Not at all. The point I'm making is specific to the Phoenix Lights case. I don't buy the assertion that human perception is so wildly unreliable that an eyewitness would confuse the close up surface of a slow moving object with the lights of a distant jet aircraft formation. It seems like a convenient way to dismiss outlier testimony to keep from cluttering up the desired explanation. I do believe people to be capable of exaggeration or outright fabrication, but that applies to all of the witnesses involved.
You don't have to buy that assertion, but you then ought to explain why in case after case people who WERE seeing only bright lights crossing the sky DID report seeing a structured object with detailed features. The common features of this reaction, across decades and continents and cultures and ages and professions, is striking. How do you assess it? Just pretend it never happened? It can't be, therefore it ISN't -- is that your argument, bluntly?
I don't think that was my argument, as I reread what I just wrote.
The Phoenix lights case involves two such examples - seeing the distant jet formation as a "V shaped craft" and seeing the distant flares as a "boomerang shaped craft". I'm talking about the loose end witness to the close up surface of a large, slow moving craft. As I see it, and I have no dog in the hunt, there are the following possibilities:
1. She saw what she described as she described it.
2. She saw what others saw, but embellished the story.
3. She didn't see anything and lied.
I do not believe she mistook a distant arrangement of point light sources for a close up, solid craft.
originally posted by: JimOberg
originally posted by: draknoir2
originally posted by: JimOberg
originally posted by: draknoir2
originally posted by: JimOberg
OK, are you making the argument that the 1963 Kiev witnesses who described a detailed structured object while they were actually seeing the satellite reentry were lying? What's your explanation for their detailed descriptions?
Not at all. The point I'm making is specific to the Phoenix Lights case. I don't buy the assertion that human perception is so wildly unreliable that an eyewitness would confuse the close up surface of a slow moving object with the lights of a distant jet aircraft formation. It seems like a convenient way to dismiss outlier testimony to keep from cluttering up the desired explanation. I do believe people to be capable of exaggeration or outright fabrication, but that applies to all of the witnesses involved.
You don't have to buy that assertion, but you then ought to explain why in case after case people who WERE seeing only bright lights crossing the sky DID report seeing a structured object with detailed features. The common features of this reaction, across decades and continents and cultures and ages and professions, is striking. How do you assess it? Just pretend it never happened?

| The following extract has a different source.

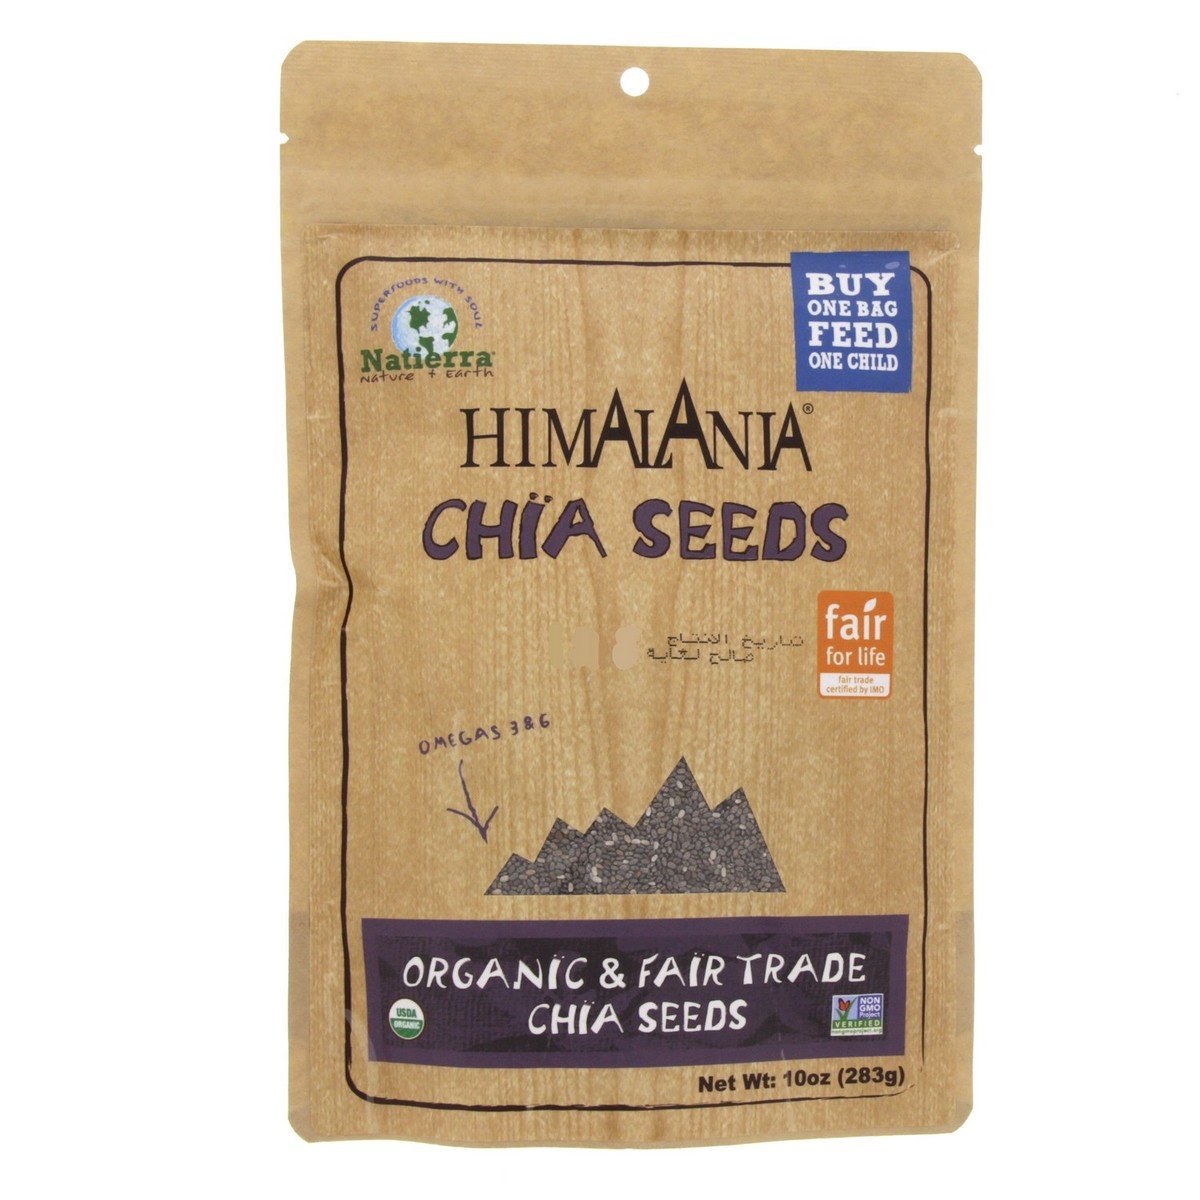 Himalania Chia Seeds Organic And Fair Trade Chia Seeds 283 g

It can't be, therefore it ISN't -- is that your argument, bluntly?
I don't think that was my argument, as I reread what I just wrote.
The Phoenix lights case involves two such examples - seeing the distant jet formation as a "V shaped craft" and seeing the distant flares as a "boomerang shaped craft". I'm talking about the loose end witness to the close up surface of a large, slow moving craft. As I see it, and I have no dog in the hunt, there are the following possibilities:
1. She saw what she described as she described it.
2. She saw what others saw, but embellished the story.
3. She didn't see anything and lied.
I do not believe she mistook a distant arrangement of point light sources for a close up, solid craft.
How did the Kiev witnesses -- and others like them in later repetitions -- report structured objects when they were only seeing a fireball swarm? What is this data trying to tell you?